Conversing thus, the travelers rode toward the upthrusting bluish stone hills, the barren foothills of Darkest Mountains.
****
Early in the first day Douglas had been overtaken by the Dragon and Nameless.
As the Pyromancer followed the caravan of the Desert Sheik Harroun, the Dragon had whooshed down from the bright sky, nodding pleasantly and puffing a friendly wisp of greenish vapor.
Startled by the sudden appearance of a twenty-foot winged saurian, Douglas fell back two steps, but quickly recovered his presence of mind.
“Ah, a relative of my old friend Great Golden Dragon, aren’t you? Yes, I see a family resemblance!”
“Let me introduce myself,” said the Dragon. “Great Golden is my great-great-great-granduncle, of course. You already know my little flying friend here, do you not?’
“Yes, of course. Hello, Nameless! I’d almost forgotten you were with Myrn on her Journeying. Welcome to High Desert! Come around behind the hillock, won’t you? I’m trailing that caravan ahead and wish to remain hidden, if I can.”
They skirted the top of a low dune and, once they were hidden from view, Douglas asked the Dragon to scoop out a hollow in the sand that would protect them from the chill night wind and hide their fire from Harroun’s outriders.
“I wish I could tell you I’ve heard all about you, but I haven’t spoken nor written to Uncle Great Golden in some decades... and my little friend with the beautiful wings seems to be completely unable to speak.”

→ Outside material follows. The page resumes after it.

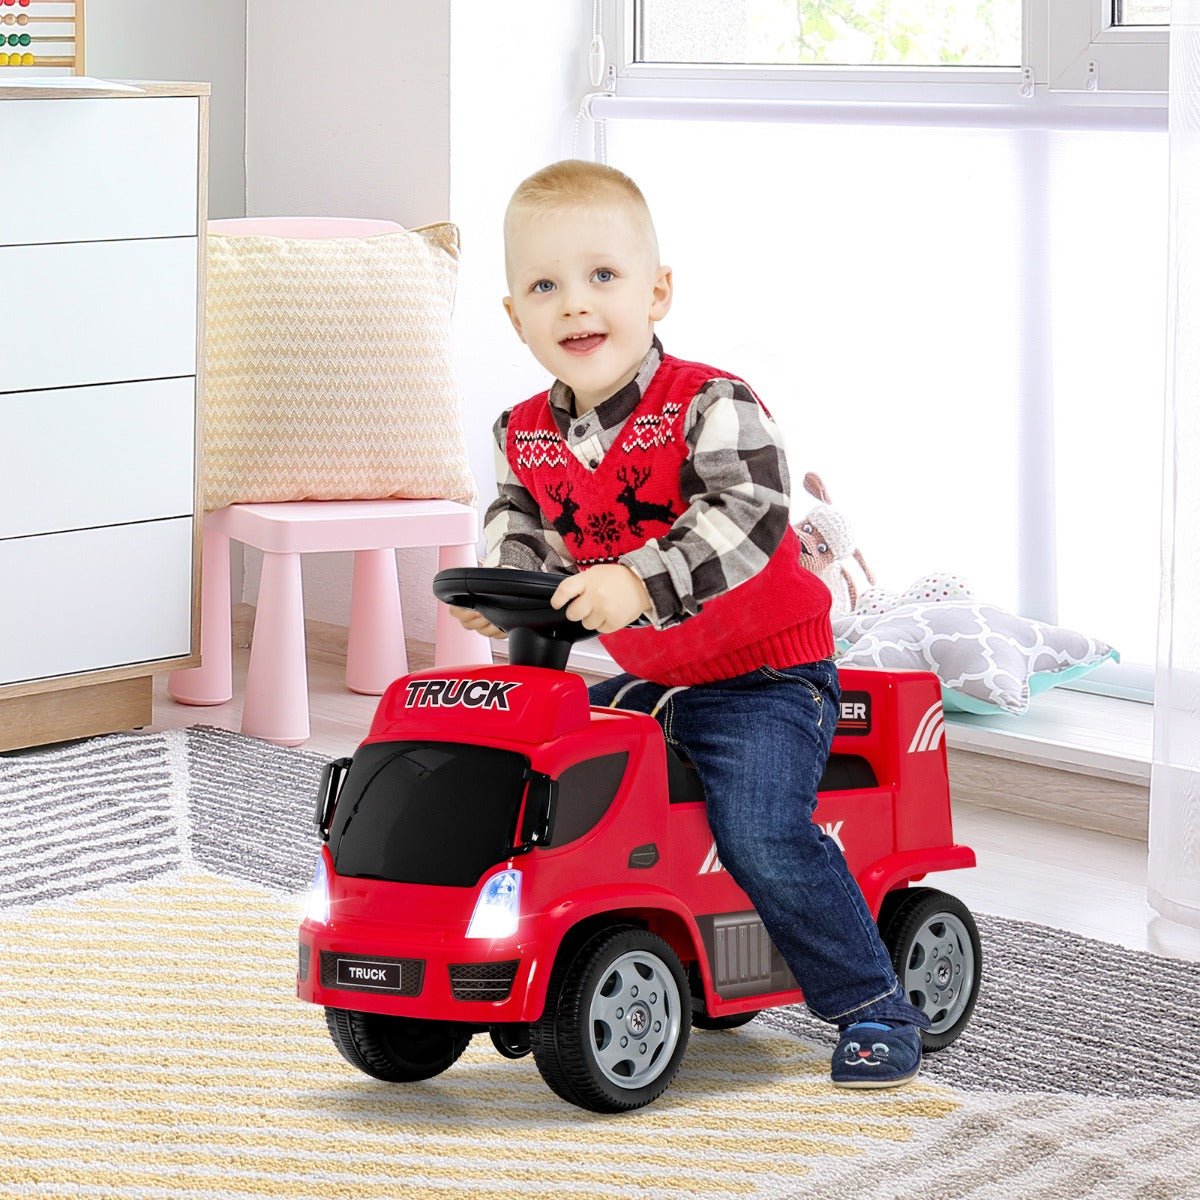 Discover Adventure with a Red Kids Ride On Truck

“Of course,” said Douglas. “Do you like steak? I thought I’d indulge myself with tender sirloin and some crisp fried potatoes. A large lettuce salad will give Nameless something to enjoy more than the usual desert gleanings, I’m sure—as well as you and me.”
Shortly they were settled down around his tiny fire, Dragon and Pyromancer eating juicy steaks and nibbling a huge tossed salad with pungent horseradish dressing on the side, which the little horse refused after a quick sniff, preferring her greenery without condiment.
Douglas had recounted his many adventures since the appearance of the winged horse at Wizards’ High.
Lesser Dragon listened without comment, except for an occasional “ah!” or “ooh!’’ Nameless merely nodded her head from time to time.
“So, you see, I’m seeking this enchanted King Priad who was wickedly whisked away long ago by Frigeon....”
At the name of the missing king, Nameless perked up her ears and looked startled.
“The name Priad means something to you?” Douglas asked. “Do you know anything of this enchanted king?”
The horse nodded eagerly, pawing the ground in frustration at not being able to speak.
“She really can’t speak—a most wicked and pitiable enchantment!” cried the Dragon.
“It’s time to do something about it,” decided the Pyromancer. “It’ll take a while, of course, but we’ve two days at least before Myrn and Harroun reach the Sheik’s home. I should have done it before, I’m ashamed to admit. It would have been easier and more sure, done at Wizards’ High. But then, we didn’t know anything about Samarca, nor much about poor King Priad.”
He considered the flying horse for a moment, then asked her, “With your permission, my girl?”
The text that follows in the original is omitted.